Linear regression
This feature is in the alpha tier. For more information on feature tiers, see API Tiers.
Linear regression is a fundamental supervised machine learning regression method. This trains a model by minimizing a loss function which depends on a weight matrix and on the training data. The loss can be minimized for example using gradient descent. Neo4j Graph Data Science uses the Adam optimizer which is a gradient descent type algorithm.
The weights are in the form of a feature-sized vector w
and a bias b
.
The loss function is then defined as:
MSE(wx + b)
where MSE
is the mean square error.
To avoid overfitting one may also add a regularization term to the loss.
Neo4j Graph Data Science supports the option of l2
regularization which can be configured using the penalty
parameter.
Tuning the hyperparameters
In order to balance matters such as bias vs variance of the model, and speed vs memory consumption of the training, GDS exposes several hyperparameters that one can tune. Each of these are described below.
In Gradient descent based training, we try to find the best weights for our model. In each epoch we process all training examples to compute the loss and the gradient of the weights. These gradients are then used to update the weights. For the update we use the Adam optimizer as described in https://arxiv.org/pdf/1412.6980.pdf.
Statistics about the training are reported in the neo4j debug log.
Max Epochs
This parameter defines the maximum number of epochs for the training. Independent of the model’s quality, the training will terminate after these many epochs. Note, that the training can also stop earlier if the loss converged (see Patience and Tolerance.
Setting this parameter can be useful to limit the training time for a model. Restricting the computational budget can serve the purpose of regularization and mitigate overfitting, which becomes a risk with a large number of epochs.
Min Epochs
This parameter defines the minimum number of epochs for the training. Independent of the model’s quality, the training will at least run this many epochs.

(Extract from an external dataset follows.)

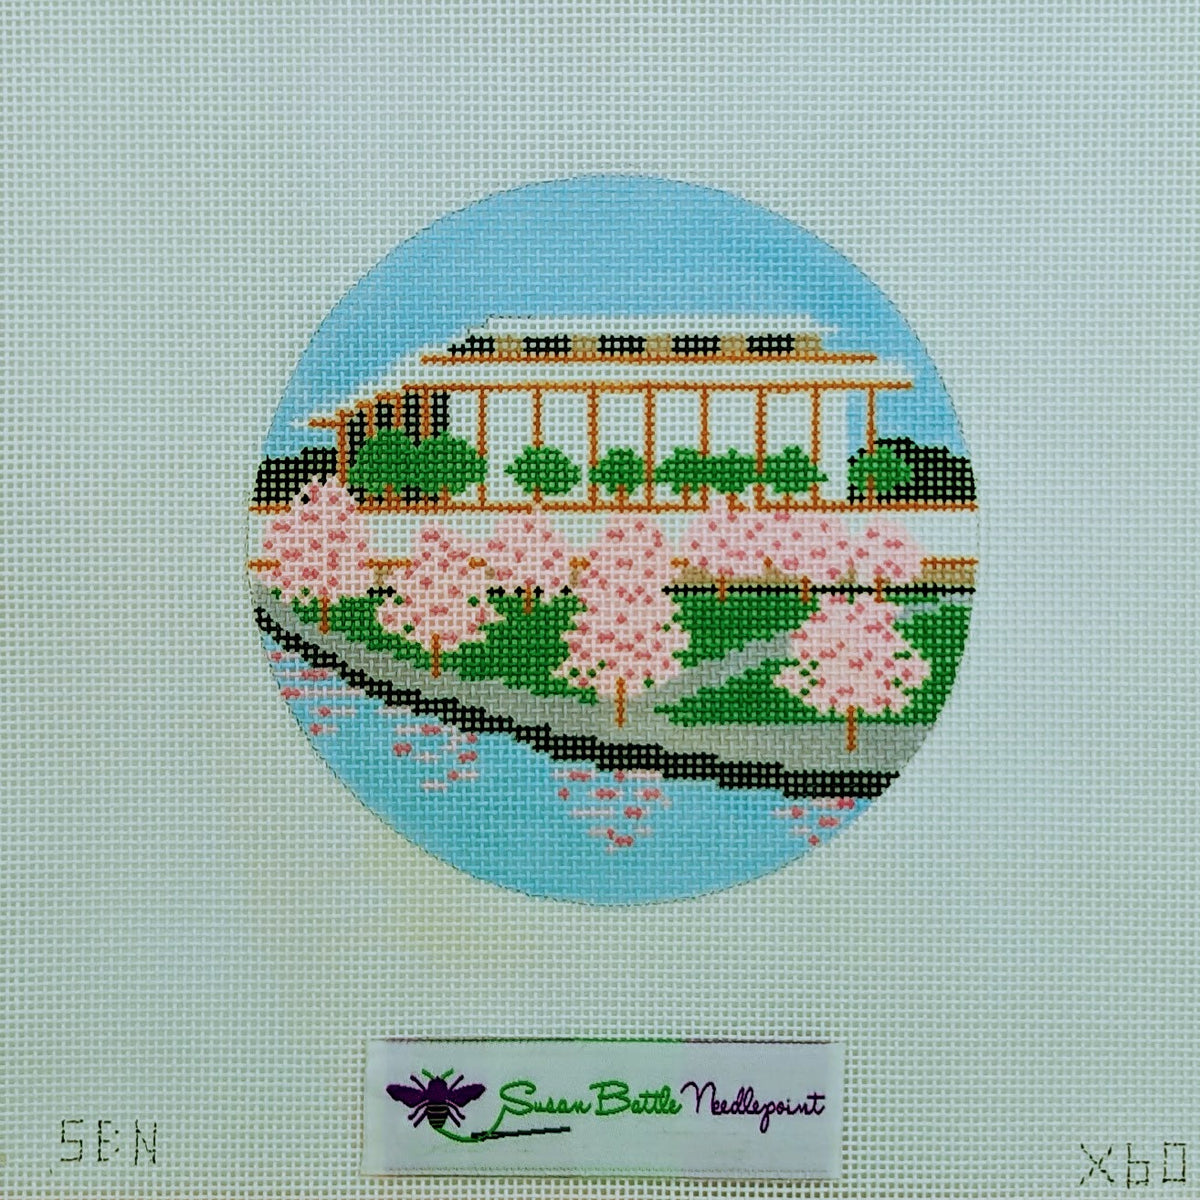 Kennedy Center with Cherry Blossoms ornament

Setting this parameter can be useful to avoid early stopping, but also increases the minimal training time of a model.
Patience
This parameter defines the maximum number of unproductive consecutive epochs.
An epoch is unproductive if it does not improve the training loss by at least a tolerance
fraction of the current loss.
Assuming the training ran for minEpochs
, this parameter defines when the training converges.
Setting this parameter can lead to a more robust training and avoid early termination similar to minEpochs
.
However, a high patience can result in running more epochs than necessary.
In our experience, reasonable values for patience
are in the range 1
to 3
.
Tolerance
This parameter defines when an epoch is considered unproductive and together with patience
defines the convergence criteria for the training.
An epoch is unproductive if it does not improve the training loss by at least a tolerance
fraction of the current loss.
A lower tolerance results in more sensitive training with a higher probability to train longer. A high tolerance means a less sensitive training and hence resulting in more epochs counted as unproductive.
Learning rate
When updating the weights, we move in the direction dictated by the Adam optimizer based on the loss function’s gradients.
How much we move per weights update, you can configure via the learningRate
parameter.
Batch size
This parameter defines how many training examples are grouped in a single batch.
The gradients are computed concurrently on the batches using concurrency
many threads.
At the end of an epoch the gradients are summed and scaled before updating the weights.
The batchSize
does not affect the model quality, but can be used to tune for training speed.
A larger batchSize increases the memory consumption of the computation.